As Roy began the introduction, Ellie took a deep breath. She was aware she would only get this one chance, that Jimbo was nasty enough to carry out his threat. But she wasn’t going to fail.
She began to sing, lifting her head and filling the club with her voice. The words sounded almost prophetic after the scene with Marleen. That thought gave more emotion to her voice and her nervousness just faded away.
In her mind she was back at school in Suffolk, Miss Wilkins playing the piano. She saw Jimbo sit down on a chair, and Brenda, Alice and Hilda standing still beneath the arch listening, and she knew she hadn’t lost the ability to entertain that she’d learnt as a child in Alder Street.
Never had the words of the song – joy, laughter, peace ever after – meant so much to her. She looked right into Jimbo’s eyes, imagined it was her mother sitting there, and all at once she saw he was smiling.
Jimbo was not a nice man.
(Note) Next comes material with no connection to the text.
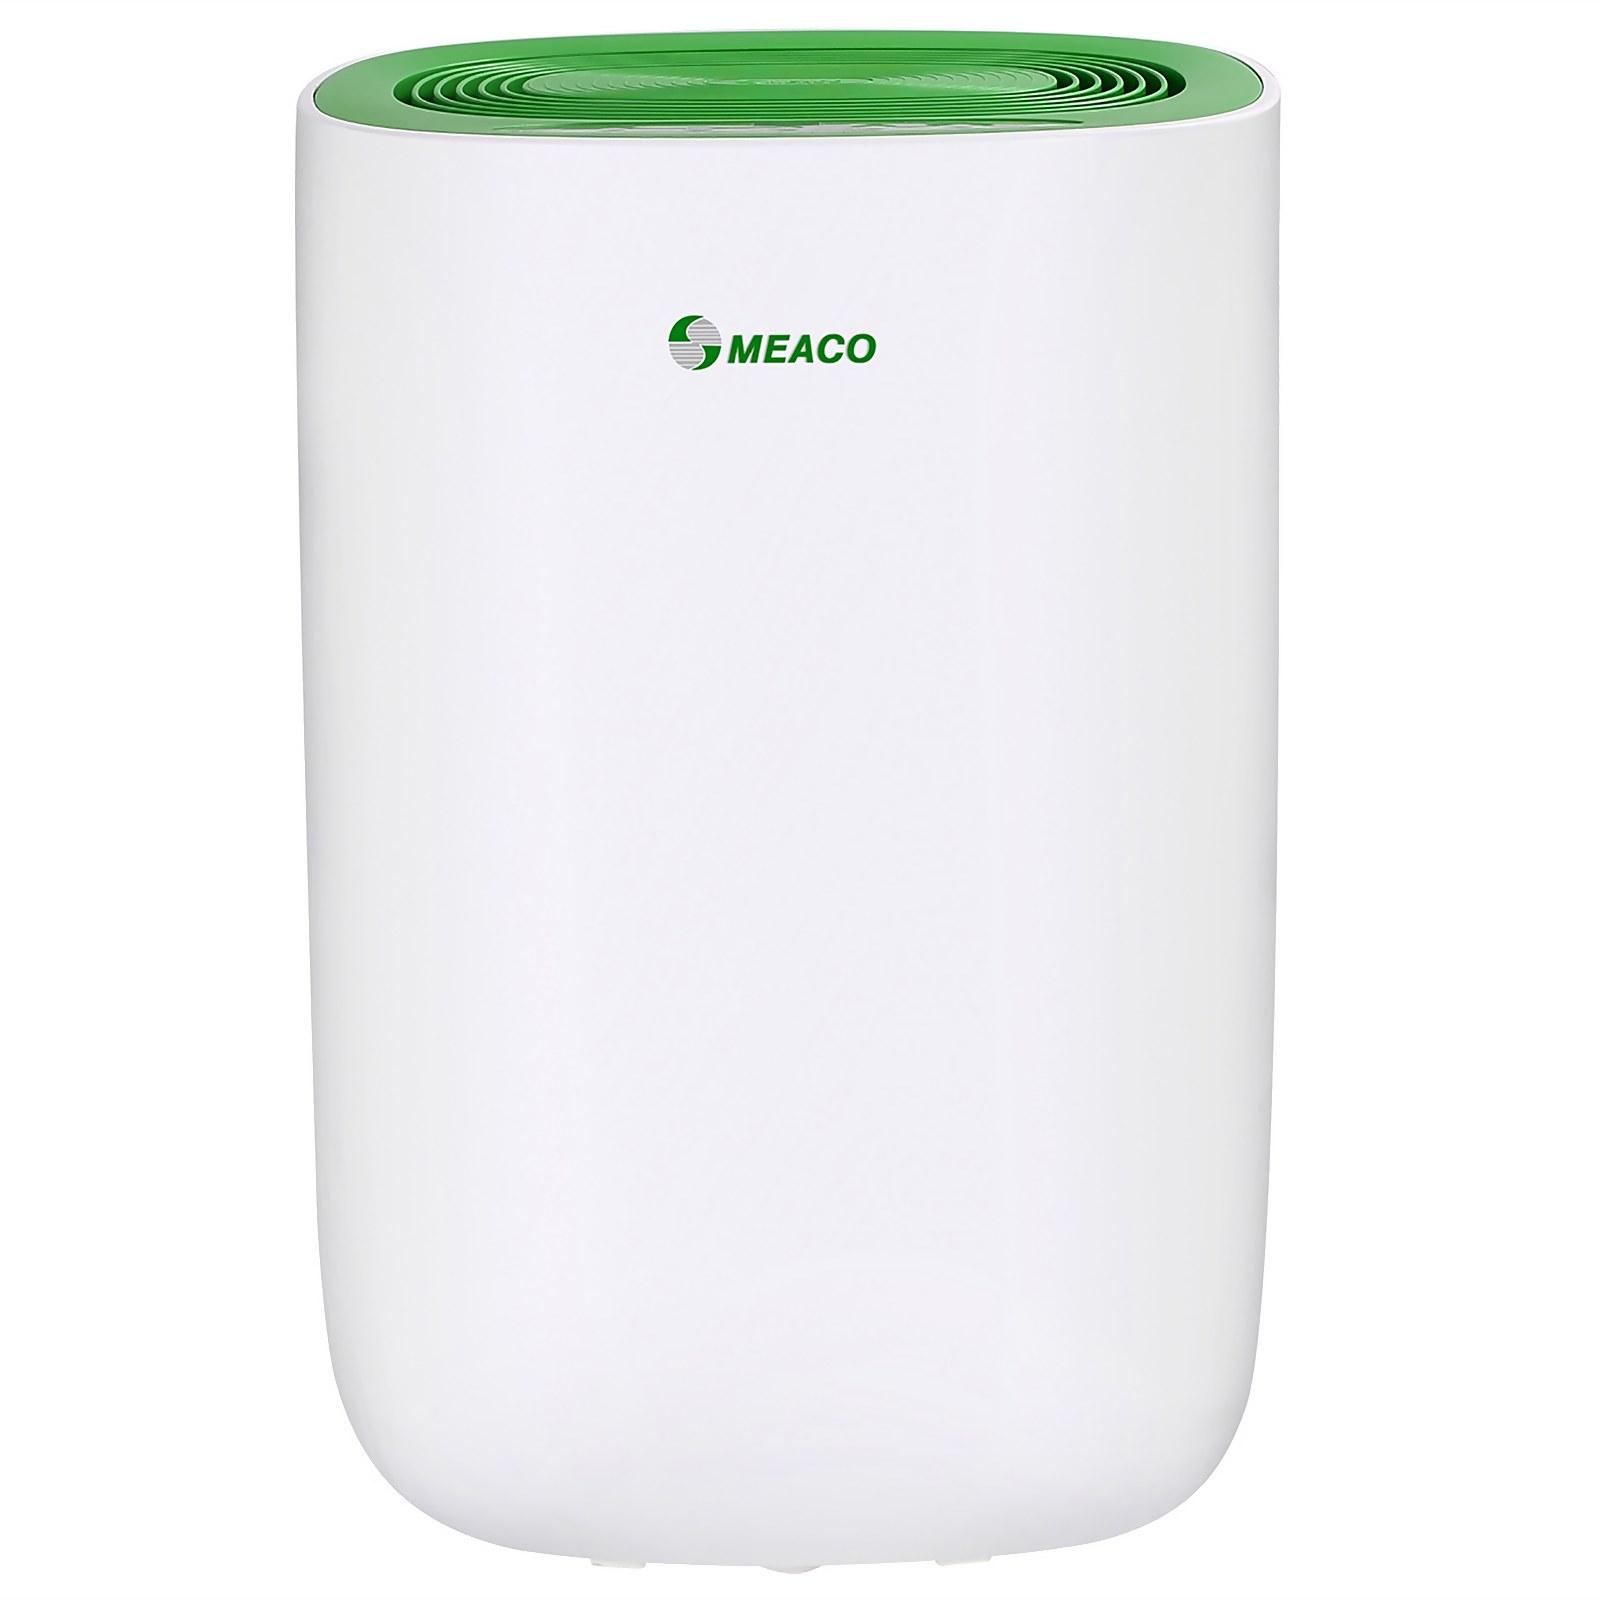 Meaco Dry ABC 10L Dehumidifier - Green

He’d got where he was by backstabbing, conning people and using them. He guessed the girl was under-age, otherwise she would be in the WAAFs, or the ATS. He’d taken her on just because she was pretty and when she turned out to be a good worker that was a bonus. But as he heard her rich, contralto voice, he got a tingle down his spine. The Yanks would love her, he wouldn’t have to pay her much and she’d be so bloody grateful to him she’d never be any trouble.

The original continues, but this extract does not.